→ **TASK DIRECTIONS**: The answer must be only the lines below from the one holding "Wolken über der" down to the one holding "Impacto del coronavirus en aceite de oliva", ends included, printed exactly; please omit all pictures.

→ **INFORMATION SUPPLIED**:
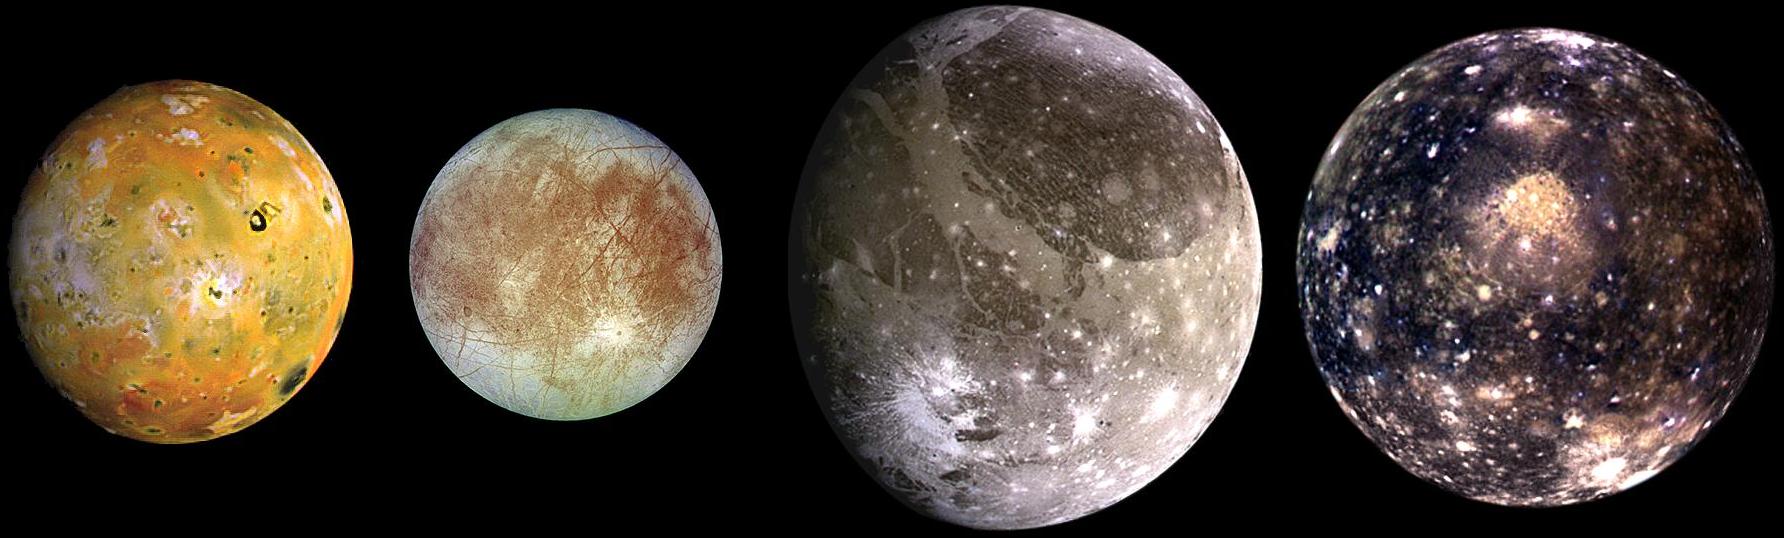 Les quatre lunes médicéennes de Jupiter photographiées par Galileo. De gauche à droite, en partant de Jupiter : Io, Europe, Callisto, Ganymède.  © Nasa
--
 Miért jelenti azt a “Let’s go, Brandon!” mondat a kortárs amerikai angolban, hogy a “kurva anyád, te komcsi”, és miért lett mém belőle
...
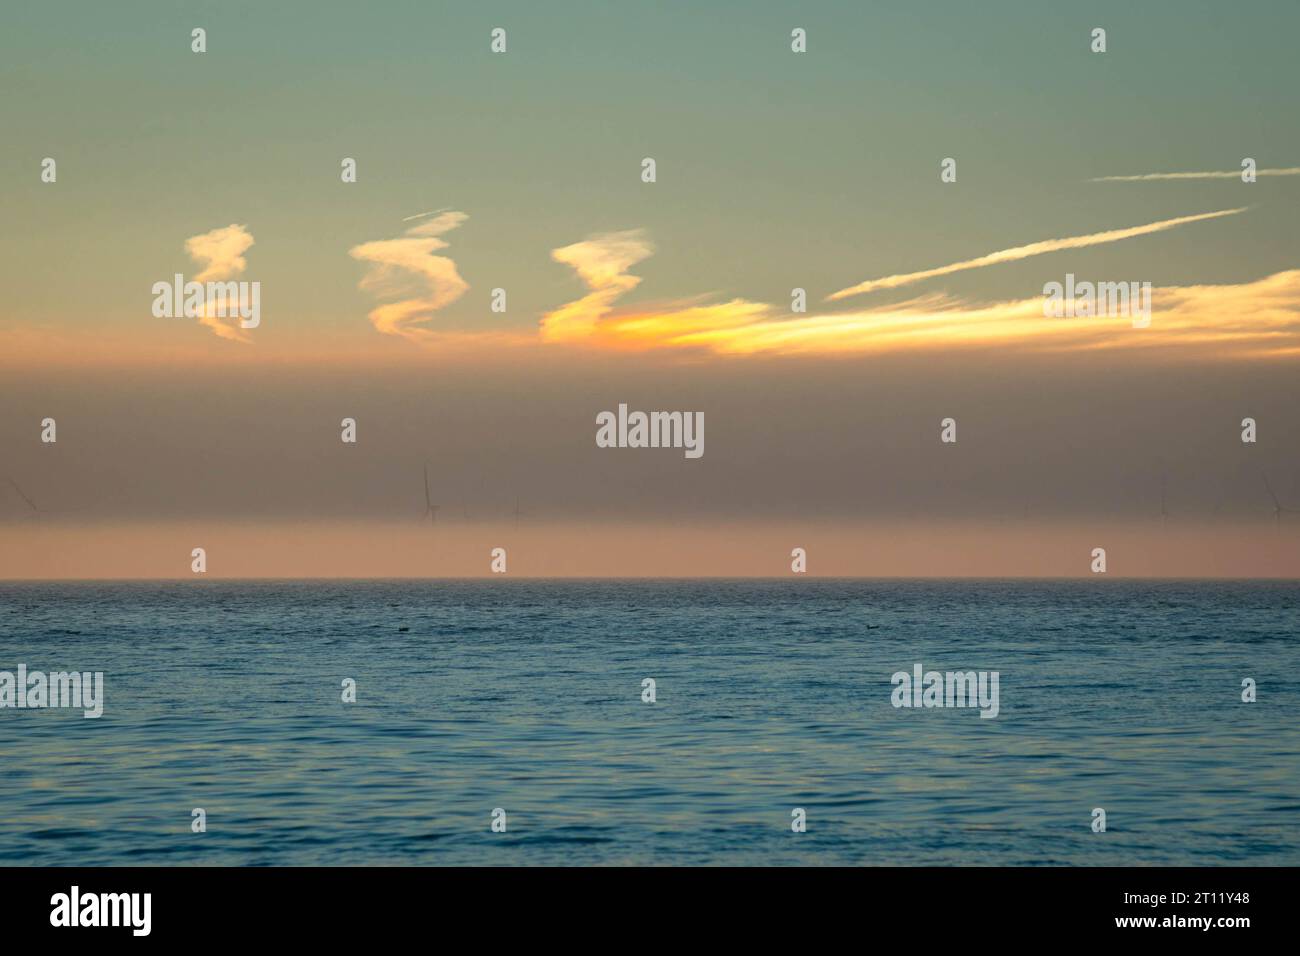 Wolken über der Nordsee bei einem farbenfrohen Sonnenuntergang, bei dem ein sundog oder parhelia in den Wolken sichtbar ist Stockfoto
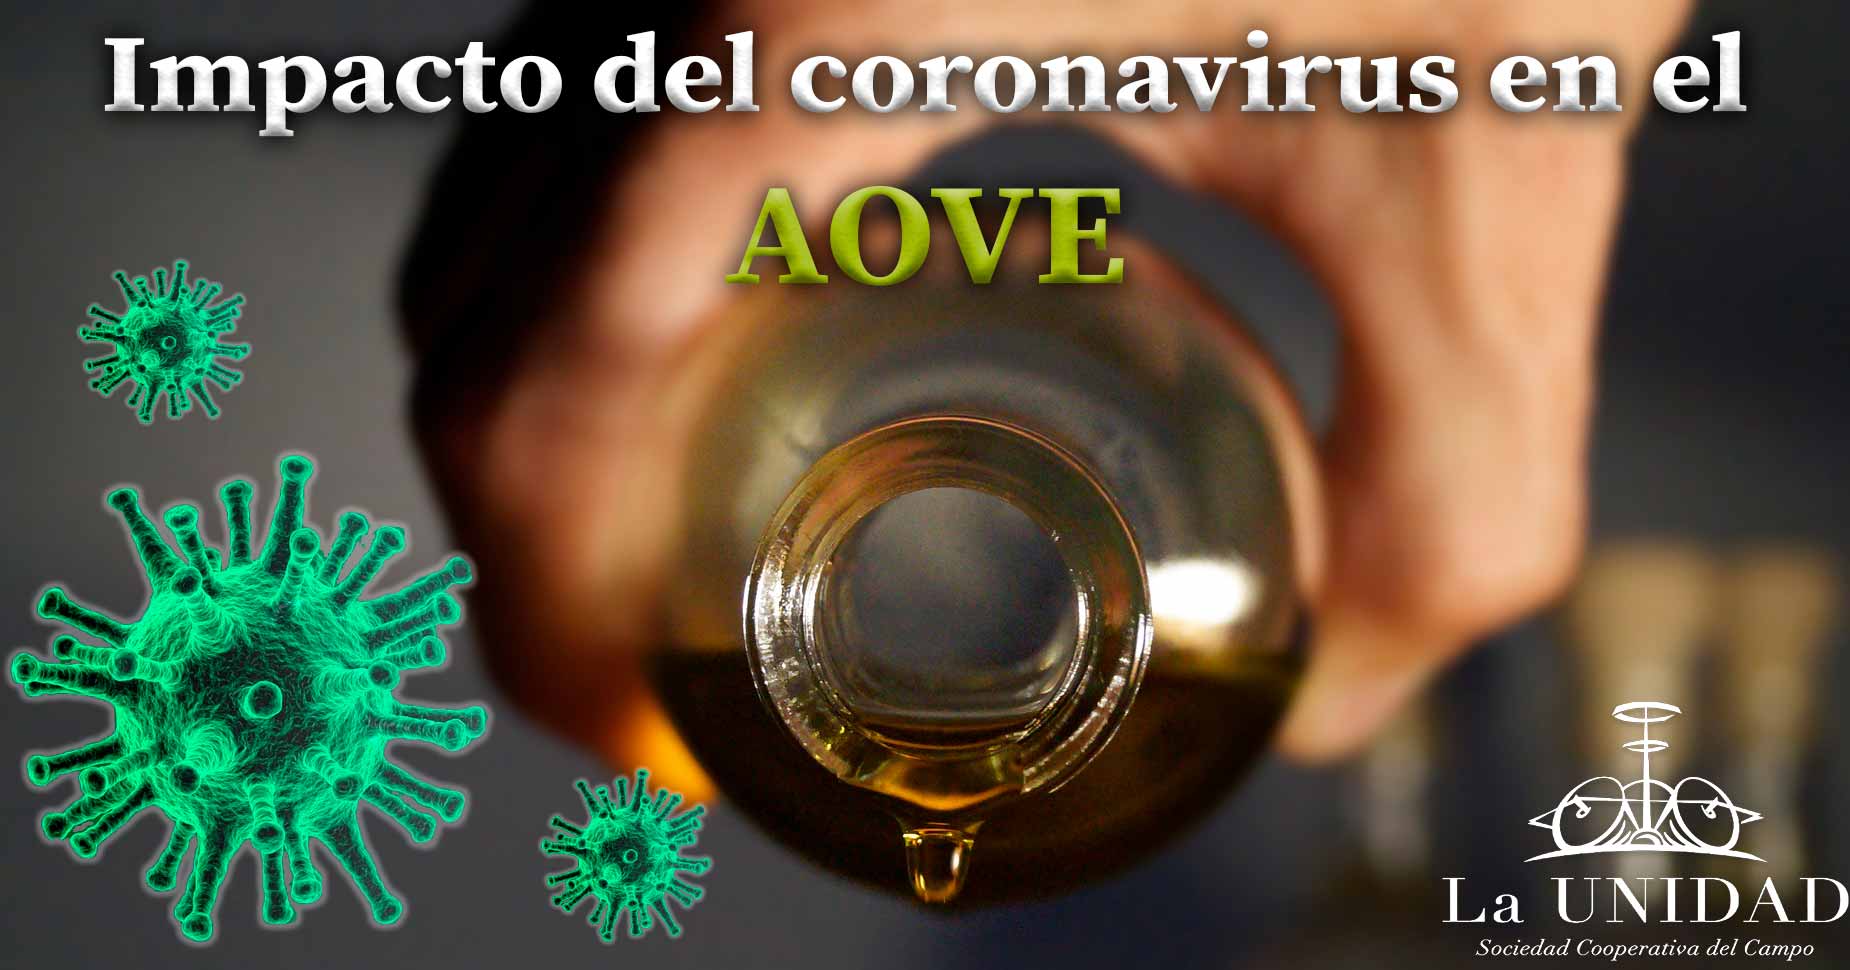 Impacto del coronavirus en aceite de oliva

→ **WORKED SOLUTION**:
 Wolken über der Nordsee bei einem farbenfrohen Sonnenuntergang, bei dem ein sundog oder parhelia in den Wolken sichtbar ist Stockfoto
 Impacto del coronavirus en aceite de oliva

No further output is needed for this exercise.